The following is a list of the crop plants produced during 2002: carrots, Chinese cabbage, daikon (Chinese radish), soybeans, bush beans, cucumber, sweetcorn, pole beans, swiss chard, mizuna (salad green), beets, green onions, chives, radish, Jai Choi (spoon cabbage), mustard cabbage, celery, lettuce (Red Butter, Manoa, Anuenue, Lolla Rosa), araimo (Japanese taro), basil, Italian parsley, cabbage, shingiku (mugwort for soup), spinach, go bo (burdock edible root).

Objective 3. Cost effectiveness has yet to be determined. The Kahuku Farmers are experienced businessmen and already had a successful marketing system in place. However, marketing and cost effectiveness for small growers has yet to be addressed in this project. This aspect of farming is especially critical for Hawaiian growers who produce on a small scale, by specialized methods. If current funding for this project is extended through 2003, marketing the produce to local stores and determining the cost effectiveness will be an important direction for the student project to take. Some of their produce was sold to a family-owned Chinese restaurant and was met with enthusiasm by both the sellers and buyers. We would like to help the students locate other markets and learn about costs and pricing. At the same time this will be an opportunity for furthering public awarenes of the natural farming method.

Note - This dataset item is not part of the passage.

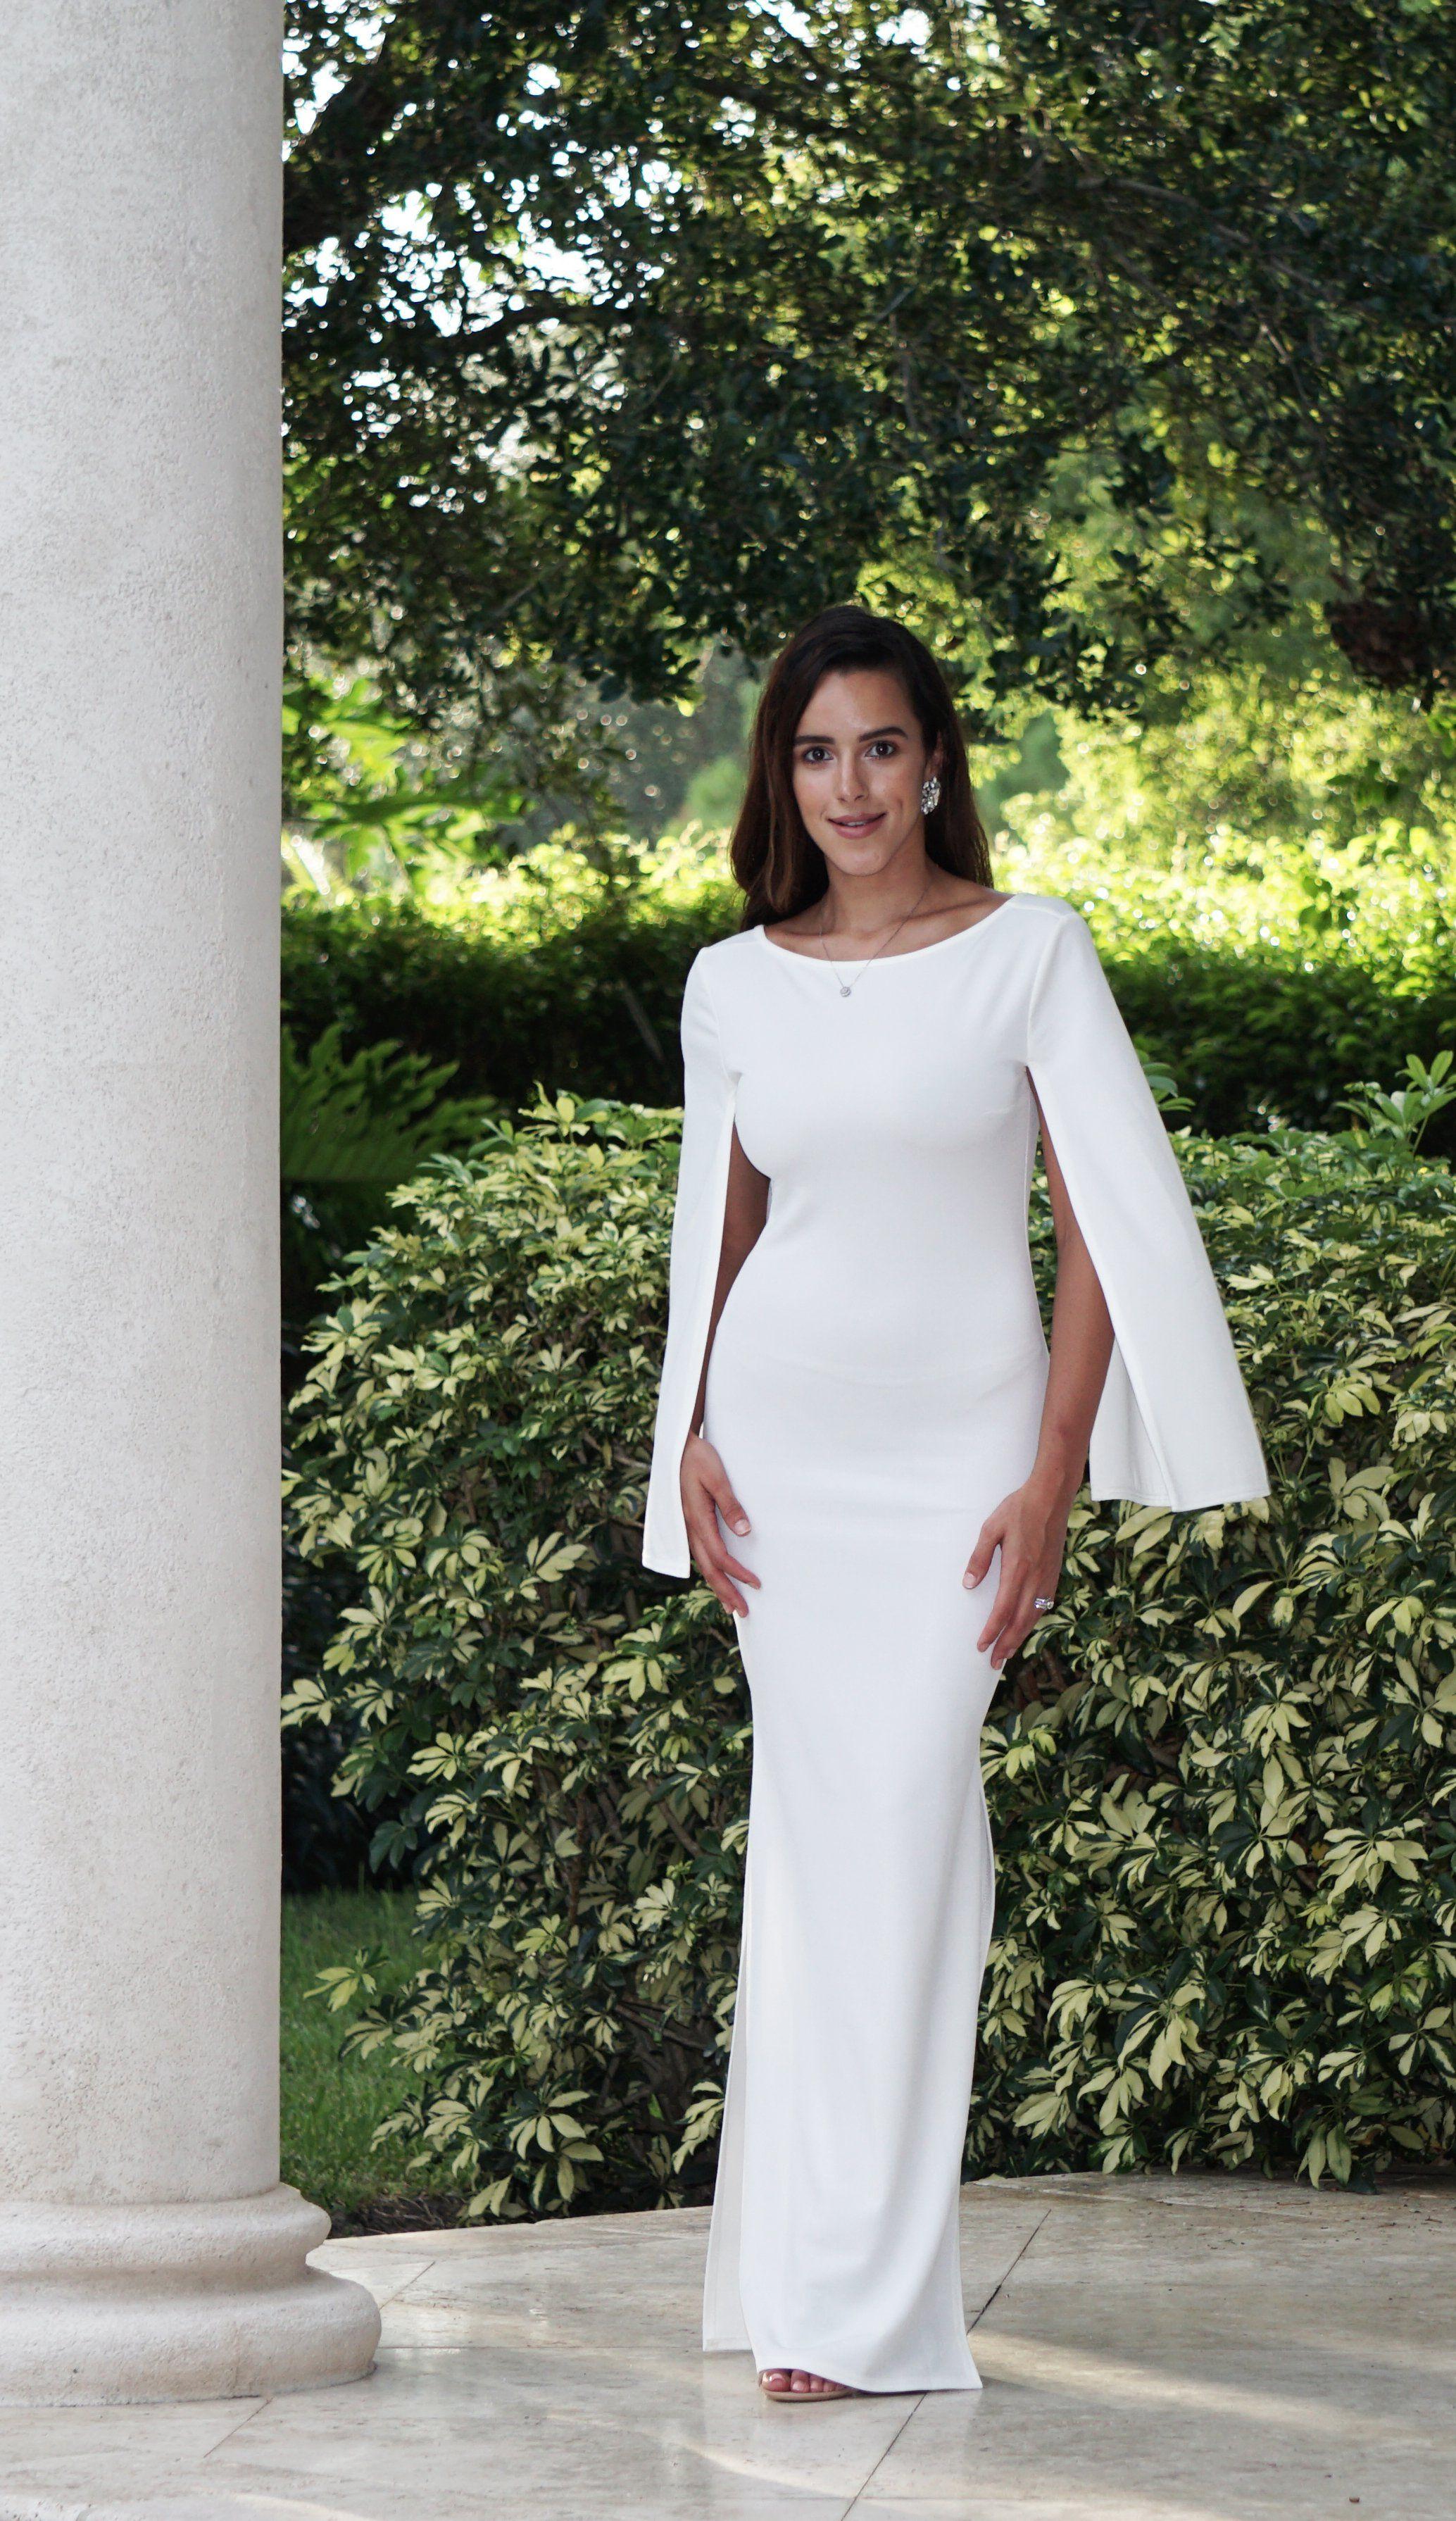 Elegant cape maxi dress ootd clothing jnamor fashion

Objective 4. Vegetable production on a rotation with cover crops has continued for over two years. Overall production measured in pounds of produce in the Waialua High School farm has increased over this period as problems have been worked out and knowledge and experience with natural farming has increased among the students and staff members supervising the project. This three year period is relatively short in terms of long-term profitable farming. More information needs to be determined about soil fertility, organic content and soil microbial populations. This will give an insight as to the continuing environmental conditions under this farming method and allow for a better long-term sustainability prediction.

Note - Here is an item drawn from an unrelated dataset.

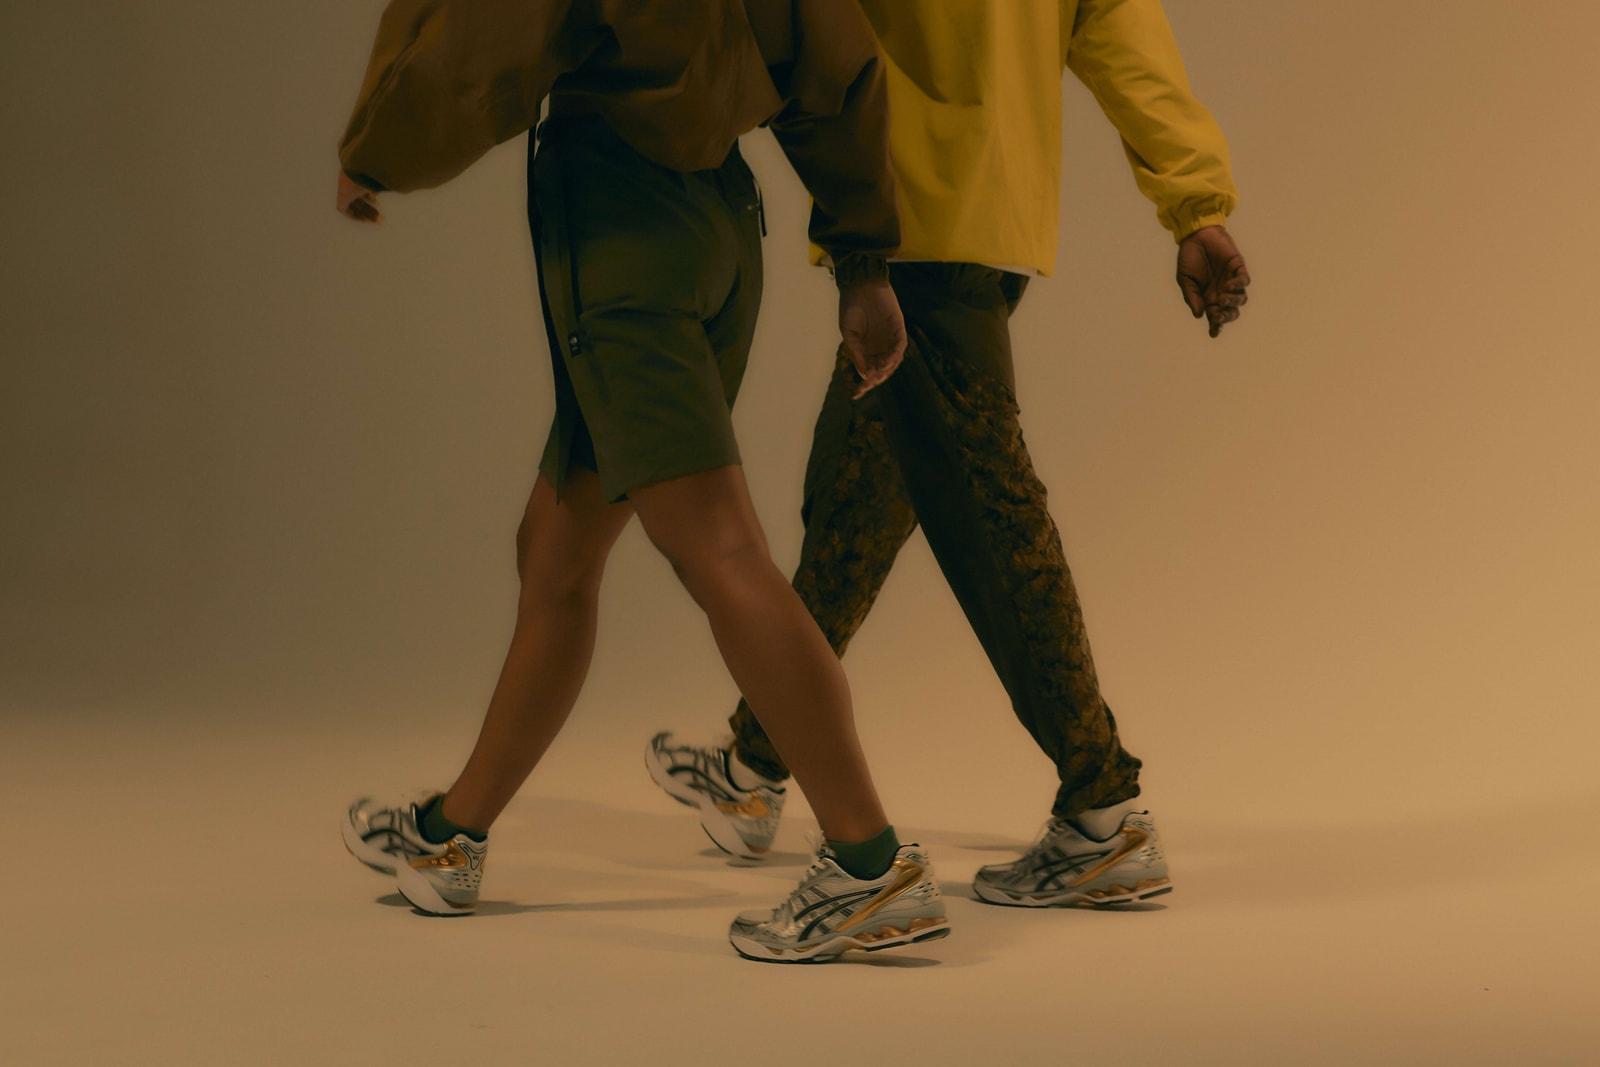 ASICS 在全新 GEL-KAYANO™ 14 中重现 2000 年代的跑鞋风格

Objective 5. The educational aspect of this project has been especially successful. High School student involvement in the project has been enthusiastic from the start. In addition to the students working on the original farm project, there have been a number of class projects associated with it. One was a study of ancient Hawaiian crops and sustainable growing methods that are similar to the natural farming method. Three Hawaii State Science Fair projects were undertaken by students that covered various aspects of the natural farming project. Many of the students come from farming families and in Hawaii many are recent immigrants that speak very little English. The students have reported that they were able to educate their parents in methods of farming with reduced applications of pesticides. The High School project supervisor, Mr. Noel Kawachi, says that the harvest of greens and salad vegetables which the students prepared for lunches or took home with them have had an impact on family diet. Many Hawaiian families did not include salads or a variety of vegetables in their diet and the project is helping to change dietary habits of these families.

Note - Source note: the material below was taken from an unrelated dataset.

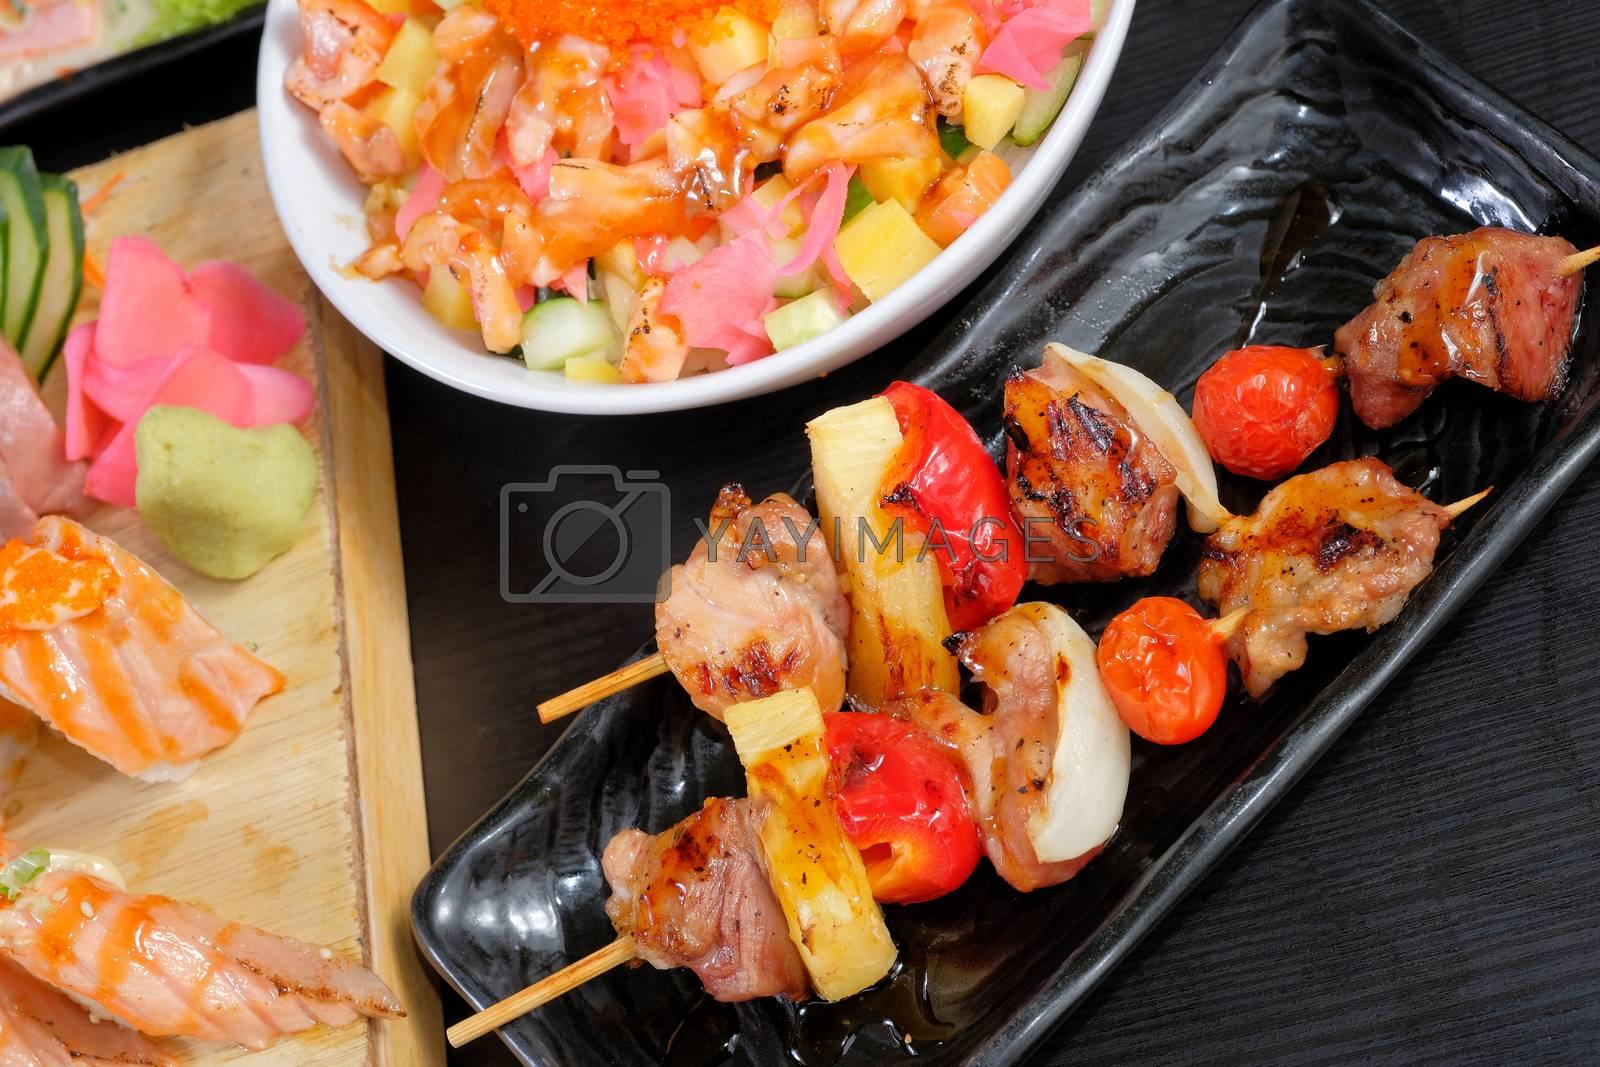 Japanese BBq pork grill

Public awareness is also increasing. The Science Fair projects reached a statewide audience. The natural farming project was included in a statewide Education Fair on May 2 – 3, 2002. Over 1000 people toured the project during those two days.

A field day held on April 25, 2002 for gardeners and farmers. Over 200 people attended the field day which was advertised through mail-outs by the Hawaii Extension Service. Lectures were given by Mr. Noel Kawachi and Dr. Susan Schenck. The Field Day hand-out and photos are included in the hard copy of this report. Articles about the field day and the farming method appeared in two local newspapers.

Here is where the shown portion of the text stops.